CHINOOK -- At first glance you wouldn’t know that Chinook senior Josh Gillett is any different than his Sugarbeeter teammates.
He loves football, he loves his school and he loves his hometown. He lives for Friday nights at Hoon Field.
And he gives maximum effort every time he steps on the field.
“I mean, he just brings that energy,” Chinook coach Mike Jones said. “He's a pretty physical kid and pretty fast. He never misses a day in the summer and hits the weights. He’s just willing to do whatever we want as a team. It doesn't matter if it's scout team, defense, offense - whatever he can do, he does.”
Gillett plays mostly special teams, but he gets in on some offensive and defensive sets, as well. The first thing you notice is his speed. He can fly down the field.
“I would say defense is my favorite part,” Josh laughed. “Being on offense is really fun, too. But nothing is better than hitting the quarterback and just getting someone on the ground. So that's the fun part for me.”
Coaches and classmates saw his potential while he competed in junior high track and field and encouraged him to give football a try in high school.
And the second he put on the pads and jersey, he was instantly hooked on Chinook football.
“I just love everything about it,” he said.
But Josh’s path to the field was not without its challenges.
He’s on the autism spectrum. The disorder affects everyone differently, but Josh’s autism is characterized by problems with communication, memory, and sensory overload.
Loud and chaotic environments cause him anxiety, so naturally football wasn’t something his parents – Deserae and Robert Kelley – ever saw in his future.
“We were nervous,” admitted Robert. “Football teams are a fine machine. You have to learn the plays, you have to know which direction you're going, you have to do it quick and make quick decisions.”
The first couple of months of high school football were hard for Josh. He had a hard time grasping plays and remembering his assignments without constant repetition.
“Being the freshman was pretty tough, learning all this stuff with my first year of football and all that,” Josh explained. “So it was just all about figuring out how I can get the rhythm going on, how I can fix things and be fluent in football as best I could.”
And when he made a mistake on the field, he would get frustrated and very down on himself.
“If the boys on the field are yelling one thing and their coaches are yelling something else, it kind of rattles him,” Robert said. “And then when he makes a mistake, he feels like the whole world stops because he made that one mistake. And I said, ‘Buddy, guys in the NFL make millions and they make mistakes. It's OK. Your team's still patting you on the back.’”
Josh’s teammates are his saving grace and the reason he's stuck with football all four years. He is one of four seniors on Chinook, along with JT Hauer, Sam Dumas, and Kurtis Hamilton. Their bond transcends football.
“The kids have known (about Josh’s autism) for a long time, so they help him whenever they can,” Jones said. “If it's in the huddle, if it's in scout, they're there letting him know where to go, what to do. And if they have any questions, they ask me or they ask him and we're good to go.”
When Josh gets lost on the field, his teammates will literally move him to the spot he is supposed to be in. They make sure he knows what his role is on each play.
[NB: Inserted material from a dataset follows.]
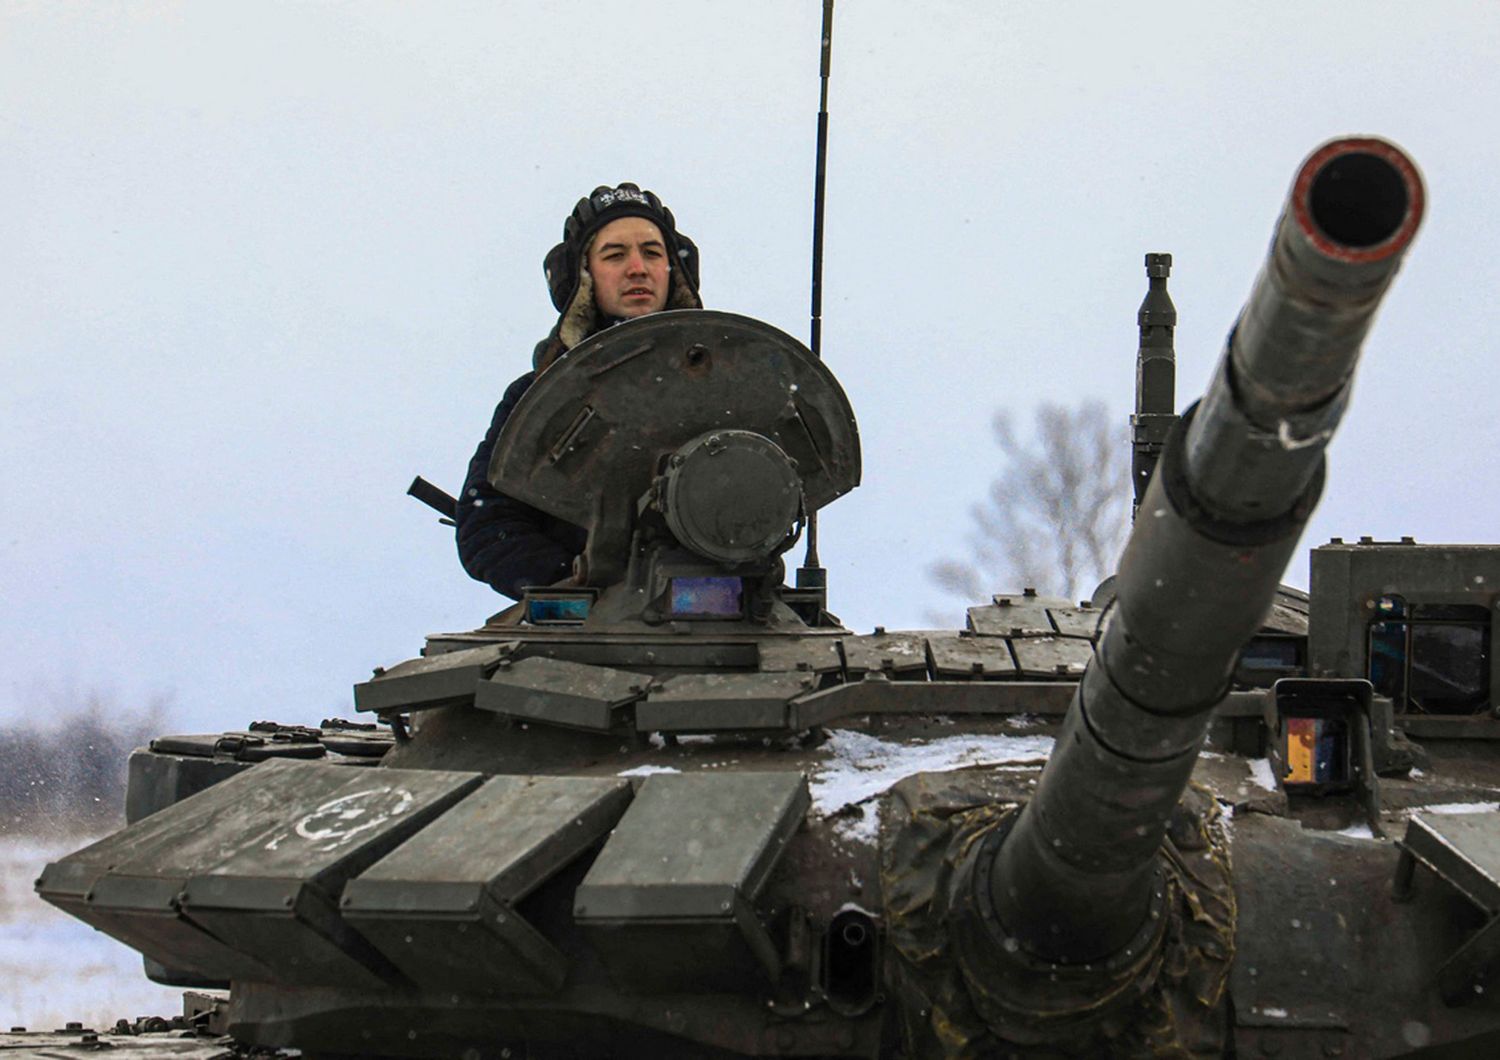 Un carro armato russo impegnato in un'esercitazione

They've gone above and beyond to not only play their own positions but to make sure Josh is in his position. They cheer him on and don't get tired of answering Josh’s questions.
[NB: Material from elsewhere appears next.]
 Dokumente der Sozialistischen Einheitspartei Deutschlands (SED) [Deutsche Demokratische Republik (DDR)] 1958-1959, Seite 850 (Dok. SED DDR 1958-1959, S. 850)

“Everybody has the tools to succeed,” Hauer said. “And with Josh he just needs that little extra help, and I've always been more than happy to help lend that hand and make sure he's where he needs to be to succeed.”
Josh appreciates the assists on the field.
“They kind of just tell me like, ‘You got to do this or do that,’ and stuff like that,” he said. “But if I'm out of position, they'll subtly like move me to the right side, just if I'm off a little bit. That's why I like these guys so much, because they're not complaining, they're not arguing about it. They're just good friends and helped me out with stuff.”
His teammates don’t view Josh as different, but rather as an important part of the team. Because that’s what he is.
“I feel it really shows how much of a tight-knit group we are,” Hauer said. “It really shows how much we've bonded together over the past four years. And I feel like it shows that we're always willing to help one of our teammates, one of our community members, one of our family.”
Football plays a central role in Josh’s life. It keeps him focused, it keeps him grounded, and it helps him navigate a world that’s not always welcoming or accessible to individuals with autism.
“I didn't really have much friends at the start of this,” Josh said. “That's why throughout the four years here I really formed all bonds, all these guys are my friends. I mean, they all helped me out whenever I needed it. They're really good guys.”
And it’s a two-way street. Josh’s attitude and effort inspire and encourage the rest of the Sugarbeeters, as well.
“It proves how hard of a worker he is. I like to think of myself as hard worker, but I will admit that nobody on that field works harder than Josh,” Hauer said. “He's constantly putting in the time, trying to get better, always asking questions to get better, and that's just something nobody can top.”
Proof that the only disability one can have in life is a bad attitude. And Josh will never have to worry about that.